Ее тон вдруг стал рассудительным. Она больше не улыбалась. Что я мог сказать? Я погладил ее руку, улыбнулся и подыграл ей.
— А как же ам-ам? Что на обед?
Был подан холодный крем-суп из тофу и моркови и крошечные сэндвичи с чечевичной икрой, а также чесночное суфле с экологически чистыми овощами. Потом был коньяк, телевизор с большим экраном и фильм под названием «Мальчик в пластиковом пузыре» про ребенка, росшего в полностью асептической среде, потому что он родился без иммунной системы. К нему нельзя было прикоснуться. Малейший чих мог его убить. Бреда всхлипывала первые полчаса, потом надавила на мою руку и в голос зарыдала, когда мальчик выполз из своего пузыря, подцепил примерно 37 болезней и умер перед рекламной паузой.
— Я смотрела этот фильм шесть раз. Что за жизнь! Прекрасная жизнь! Скажи, разве ты ему не завидуешь?
Я ему не завидовал. Я завидовал агатовому кулону, болтавшемуся у нее меж грудей, о чем честно и сообщил.

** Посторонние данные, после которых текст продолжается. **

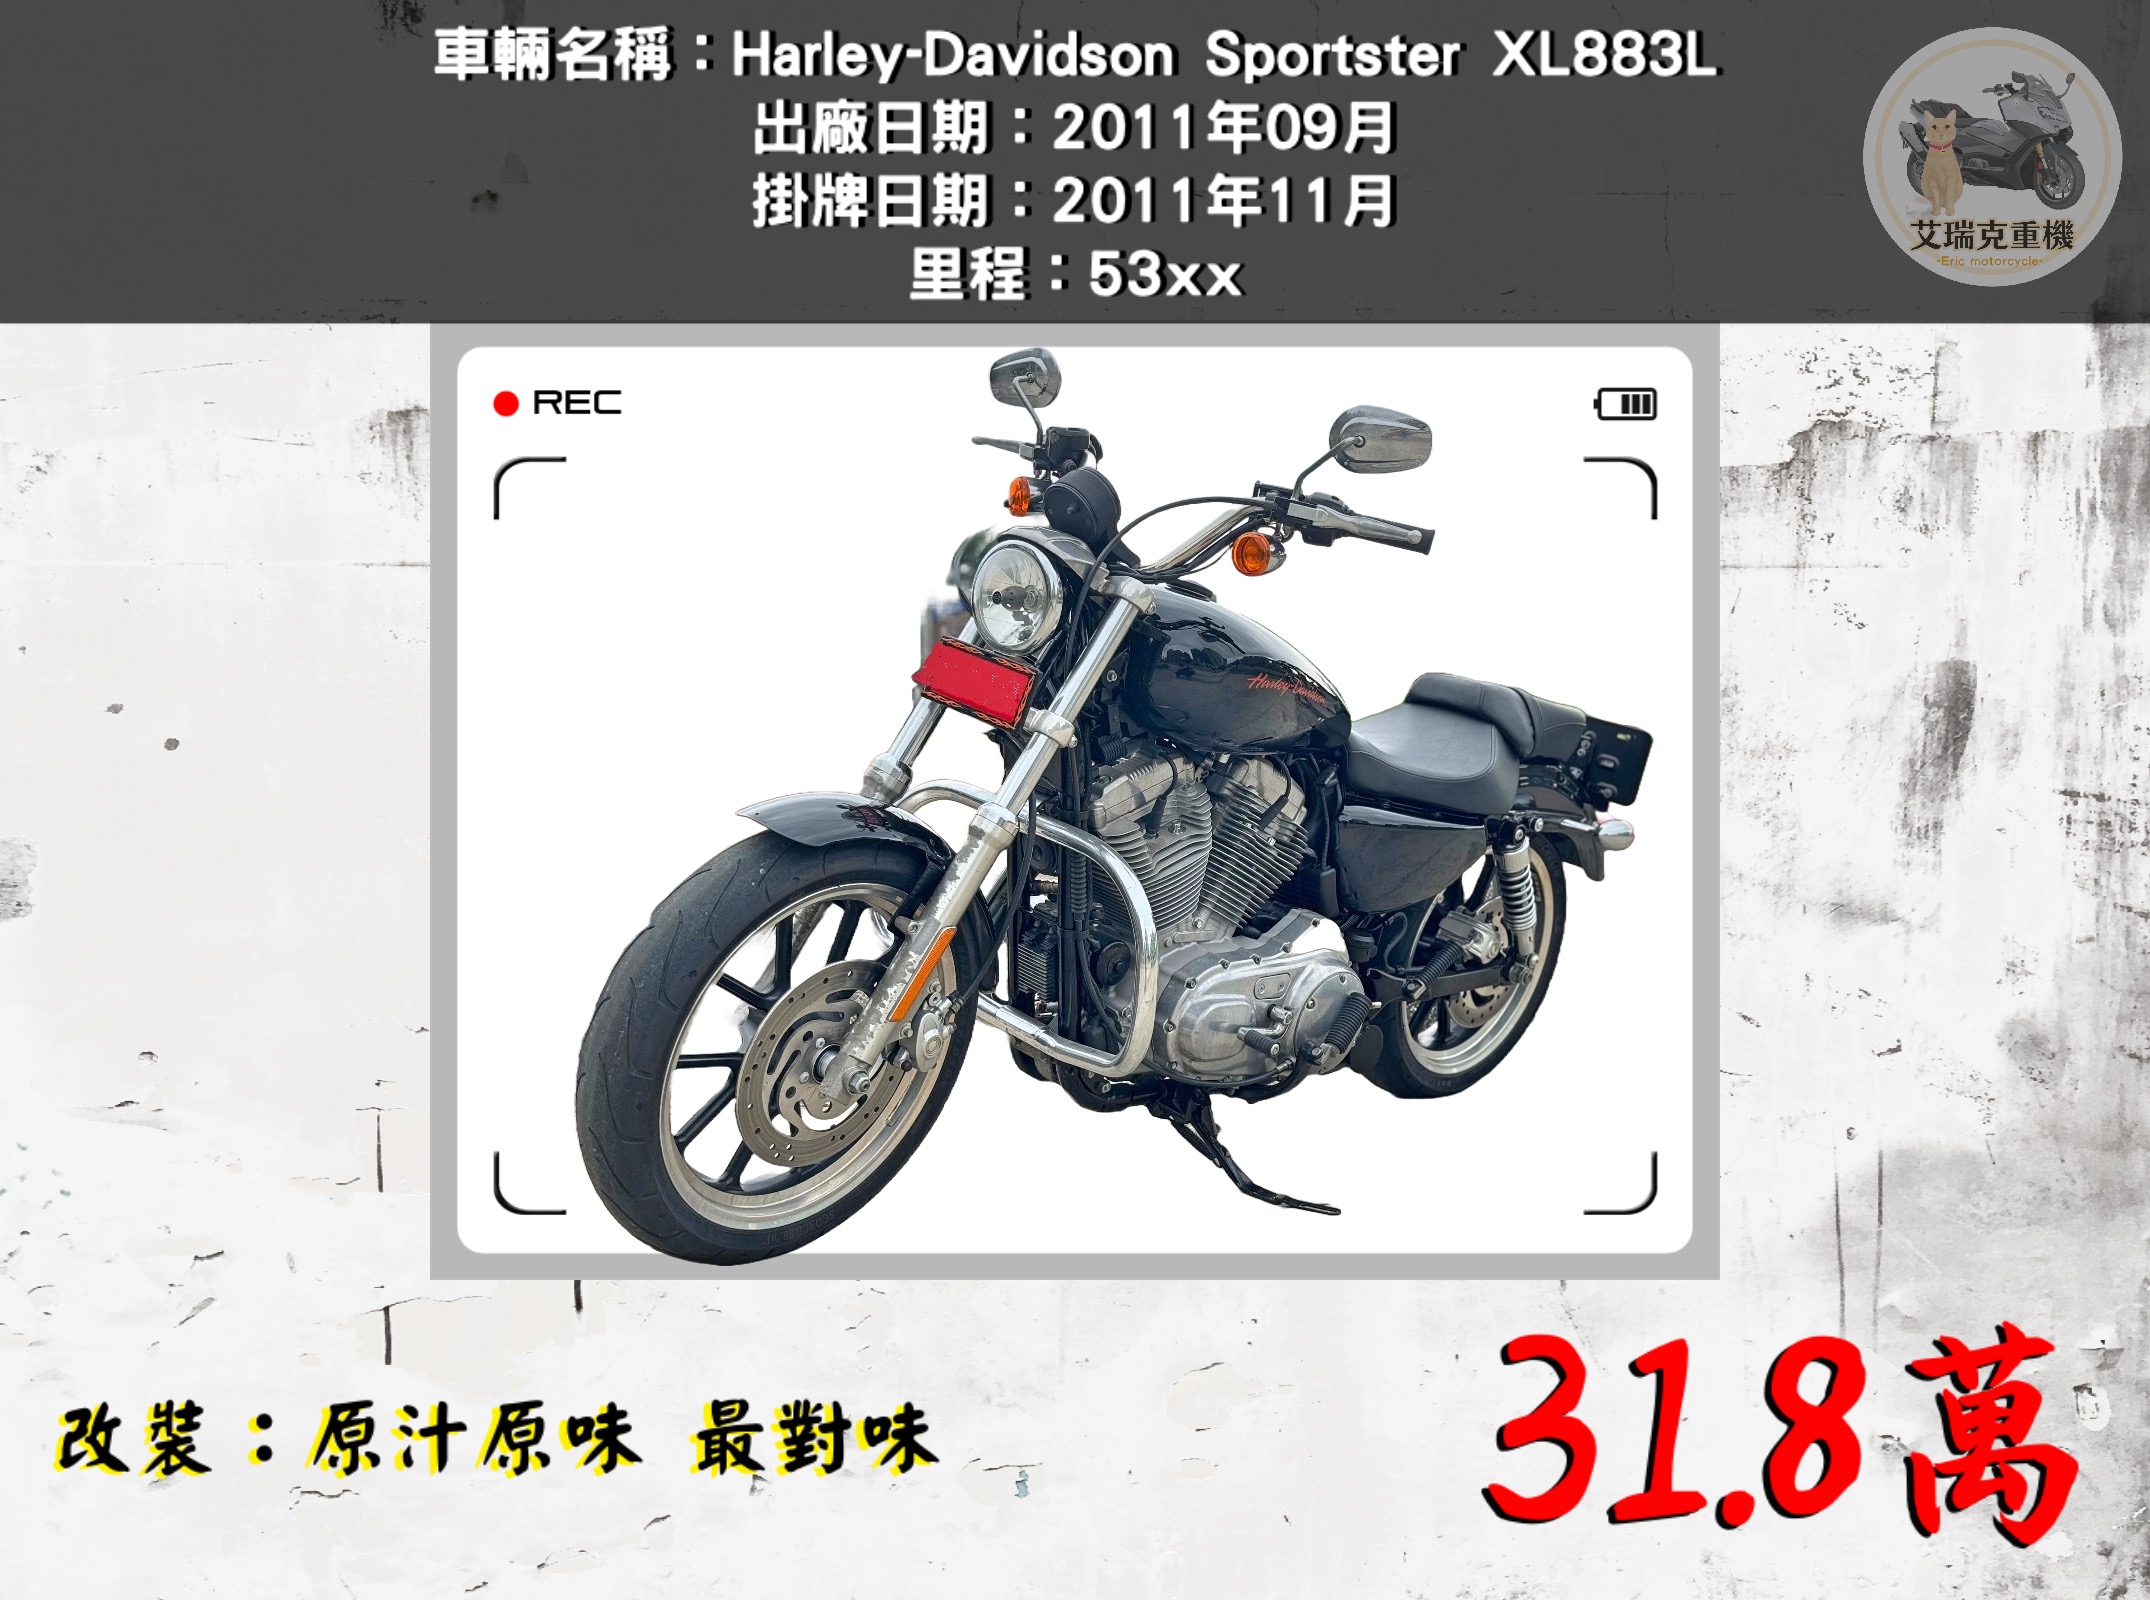 HARLEY-DAVIDSON XL883L - 中古/二手車出售中 Harley-Davidson Sportster XL883L | 艾瑞克重機

Она могла бы хихикнуть, вздохнуть или опустить глаза, но она не сделала ничего такого. Она бросила на меня долгий, медленный взгляд, будто бы решала что-то, а затем позволила себе зардеться. «Я сейчас», — сказала она таинственно и выскользнула в ванную.
Меня как током ударило. Вот оно, наконец. После всех признаний, съеденных обедов, посещенных музеев и просмотренных фильмов мы наконец-то сольемся в благодатном высшем проявлении близости и любви.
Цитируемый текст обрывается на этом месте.